As investors globally become less forgiving on misses for earnings and growth, it is important to also consider not just valuation in terms of PE multiples, but also earnings expectation for 2022 and if there’s enough earnings growth to support the valuation and investor interests. As shown in Figure 5, 2022 forward PE for most broader market sectors were below 25 percentile of historical PE range, some were even at their 6-year historical low. Our China A New Economy ETF is attractive at around lower 10% percentile while our China A Bedrock Economy ETF is even more standing below 5% percentile historically for 2022 forward looking earning compared to its current price, suggesting possibility of an oversold market and valuation priced on fear than fundamentals.

In contrast to Chinese equities which have already gone through multiple rounds of valuation resets, US equities (Figure 6) which have yet to experience more meaningful correction, is heading into aggressive rate hike regime which inevitably would further compress the company margins and earnings amid record high inflation and the inelastic labour, materials and logistics markets. At the moment we observe 2022 forward PE for S&P 500 is slightly above historical 6-year median and close to 75 percentile for Nasdaq. The valuation for these US equity Indexes are much more expensive than China A markets (Figure 6).  With question for further rate hike being “how much” rather than “whether-if” and significant balance sheet reduction ahead for the rest of 2022, liquidity drain would put US Equities and its expensive valuation to considerable stress that would be hard to solve.
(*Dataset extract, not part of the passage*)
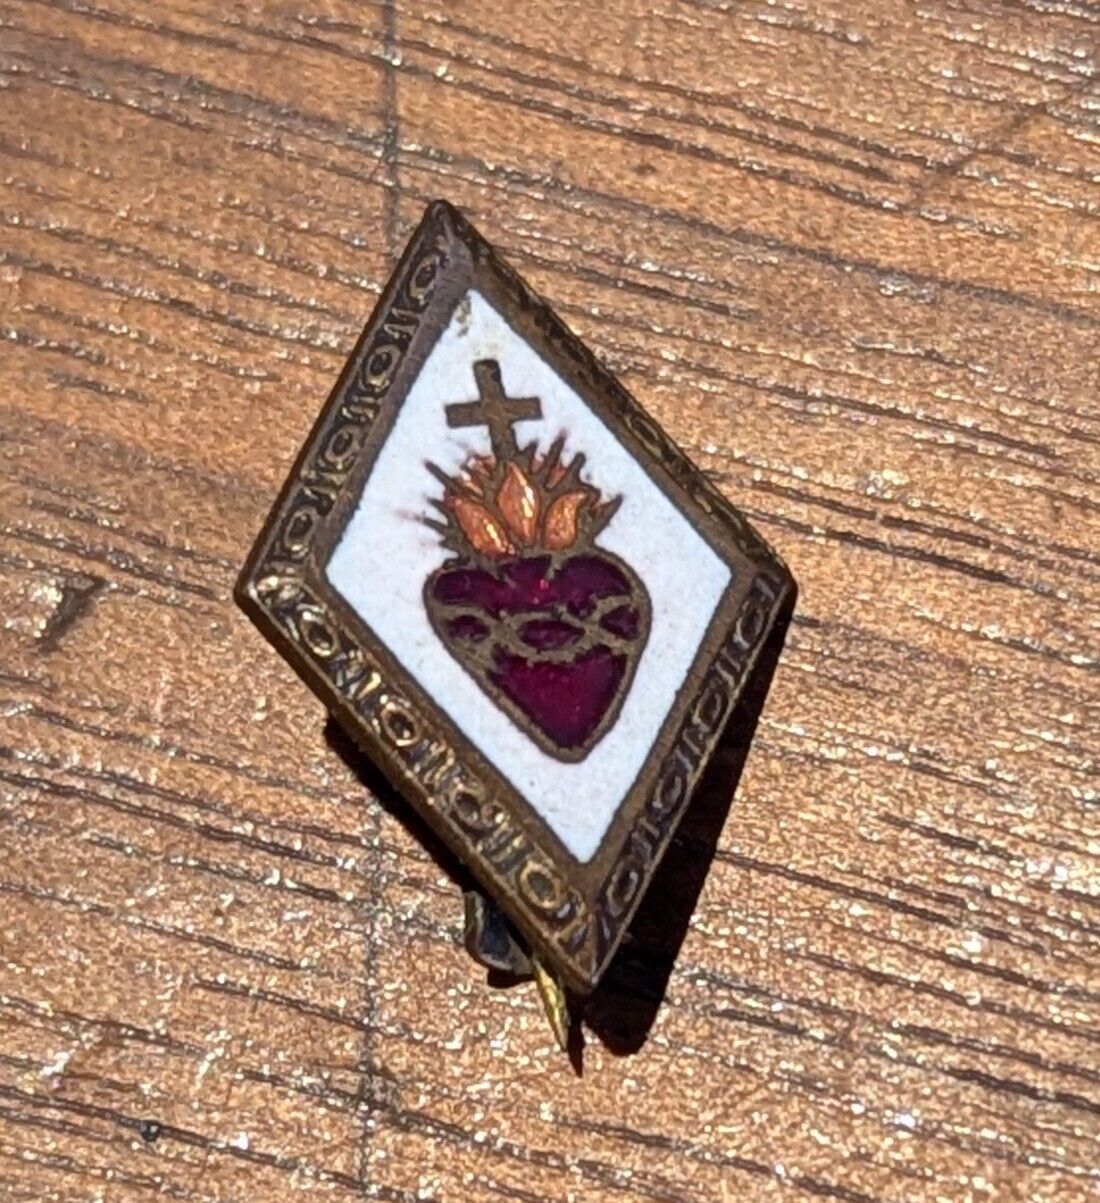 Small Vintage Sacred Heart of Jesus Lapel Pin with beautiful glass inlays.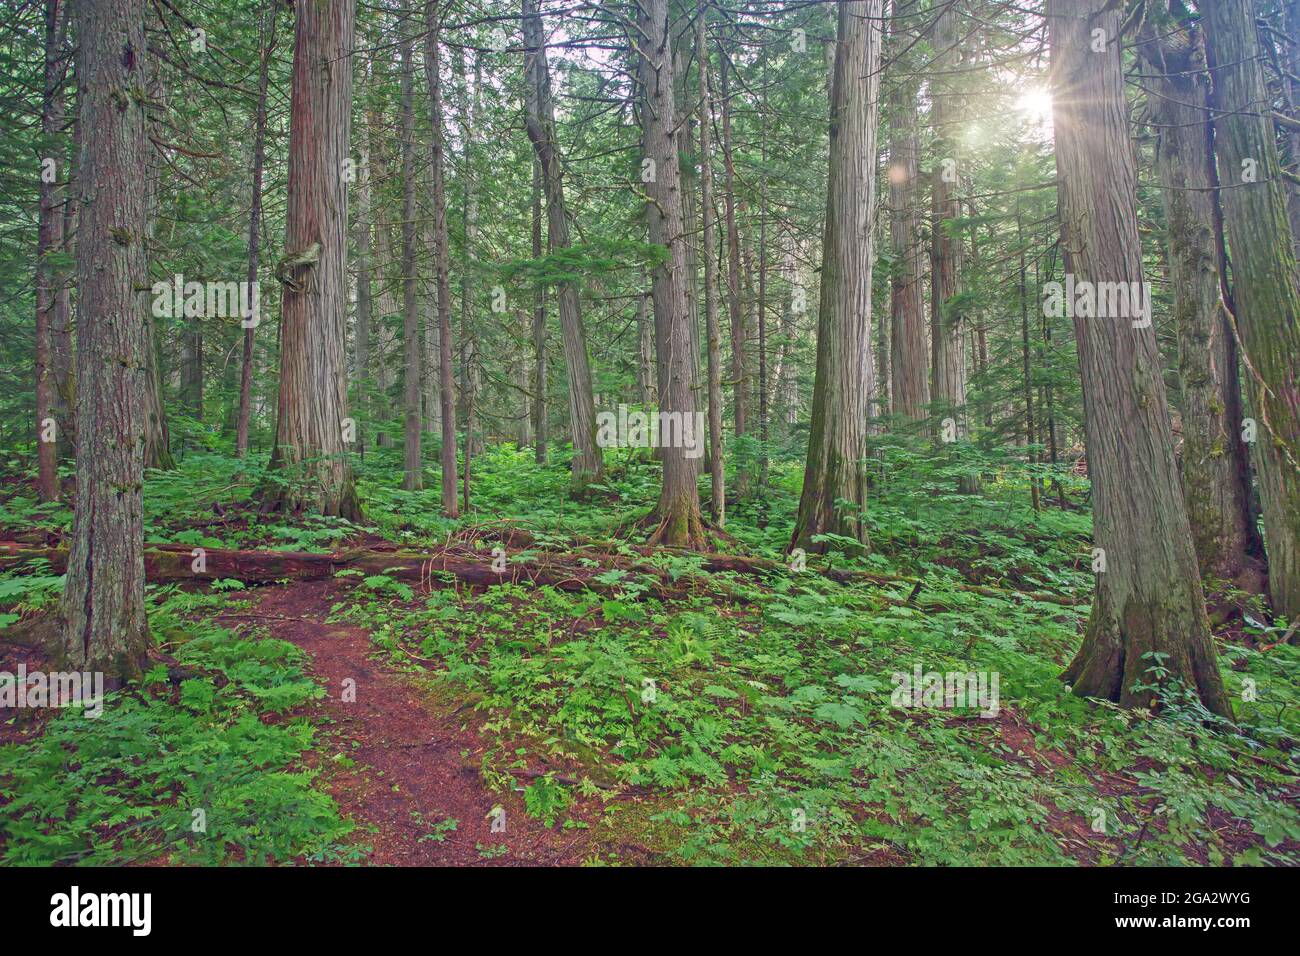 Lush forest with the sun shining through the trees on the West coast of Canada; British Columbia, Canada Stock Photo

In comparison, the historical low valuation for China A and our Premia China A ETFs are better placed for a rebound, at a time when global allocators are in general low on inventory for Chinese equities, and China is already close to if not at the bottom of the cycle with left tail risks mostly considered and richly priced in. Notwithstanding the Zero COVID Policy, visibility for tangible policy supports, resumption of economic activities, growth trajectory and investor appetite also started to improve. In fact, according to Goldman Sachs Prime Services data, in April, Chinese equities had the highest monthly hedge fund inflows since Dec 2020, led by long buys significantly exceeding short sells.